Faiss (Facebook AI Similarity Search) stores vectors exactly this way - a flat binary index (IndexFlatL2) that enables O(1) random access for re-ranking. HNSW in Faiss is layered on top, with the flat store providing the exact distance computation needed for the two-stage search pipeline.

Key Algorithms and Protocols

Filtered vector search - “find the 10 most similar vectors where category = 'finance'” - is harder than it looks. Two naive approaches fail at different extremes.

Pre-filter: fetch all IDs matching the filter, build a sub-index, search it. Correct, but slow when the filter matches millions of vectors.

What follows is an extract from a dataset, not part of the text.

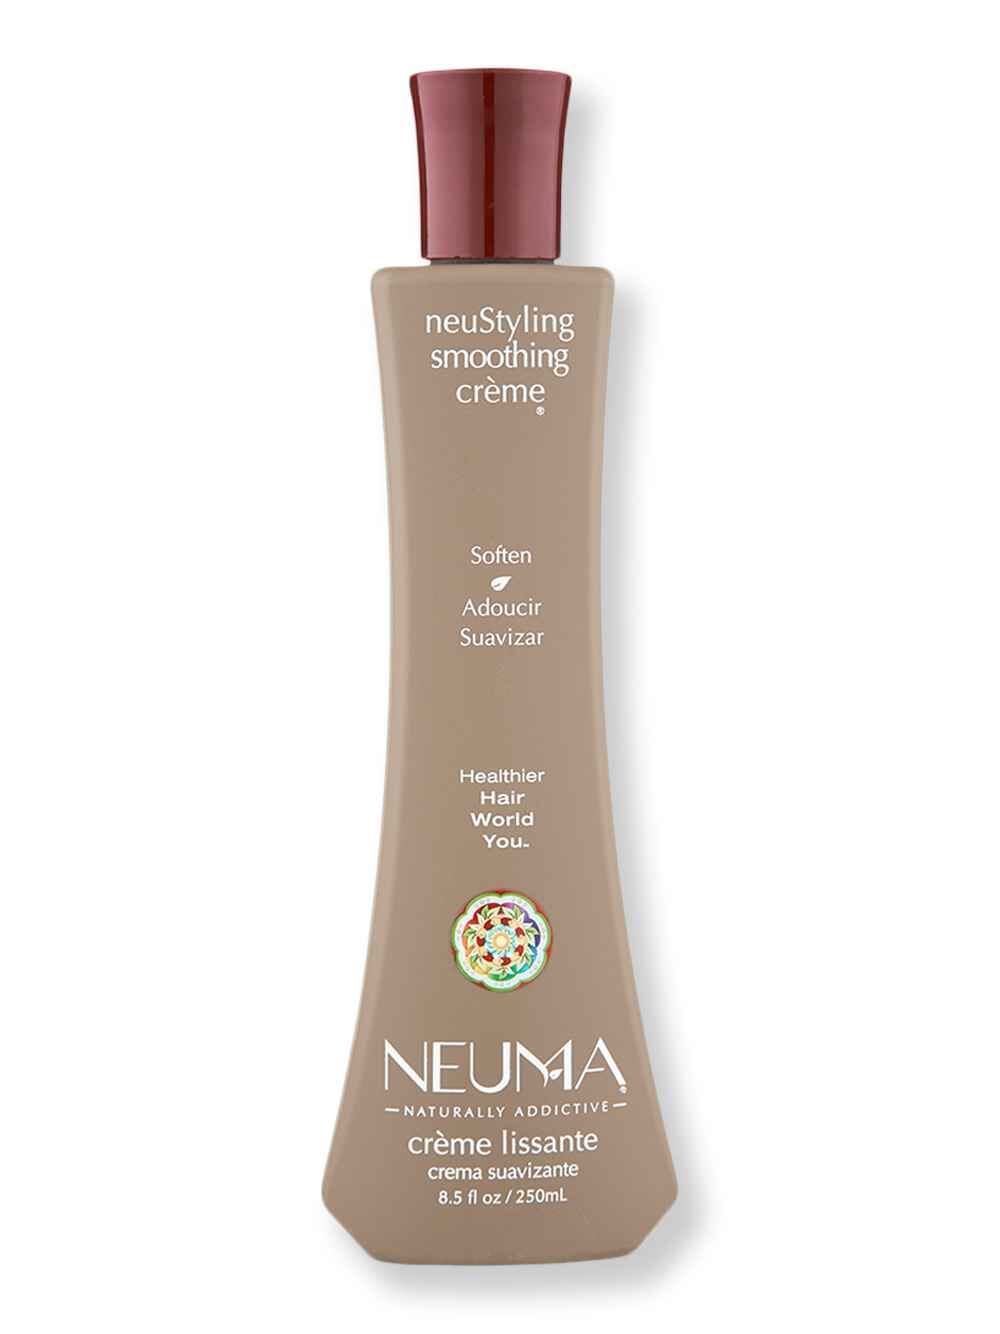 Neuma Neuma neuStyling Smoothing Creme 8.5 oz250 ml Styling Treatments

Post-filter: run the full ANN search for k x oversampling candidates, then filter by metadata. Fast, but if the filter is selective (1% of vectors match), you may get 0 results despite candidates existing.

The correct approach is ACORN (segment-aware post-filter) or segment-scoped search: pre-partition the index by high-cardinality filter attributes, and route queries to the relevant partition.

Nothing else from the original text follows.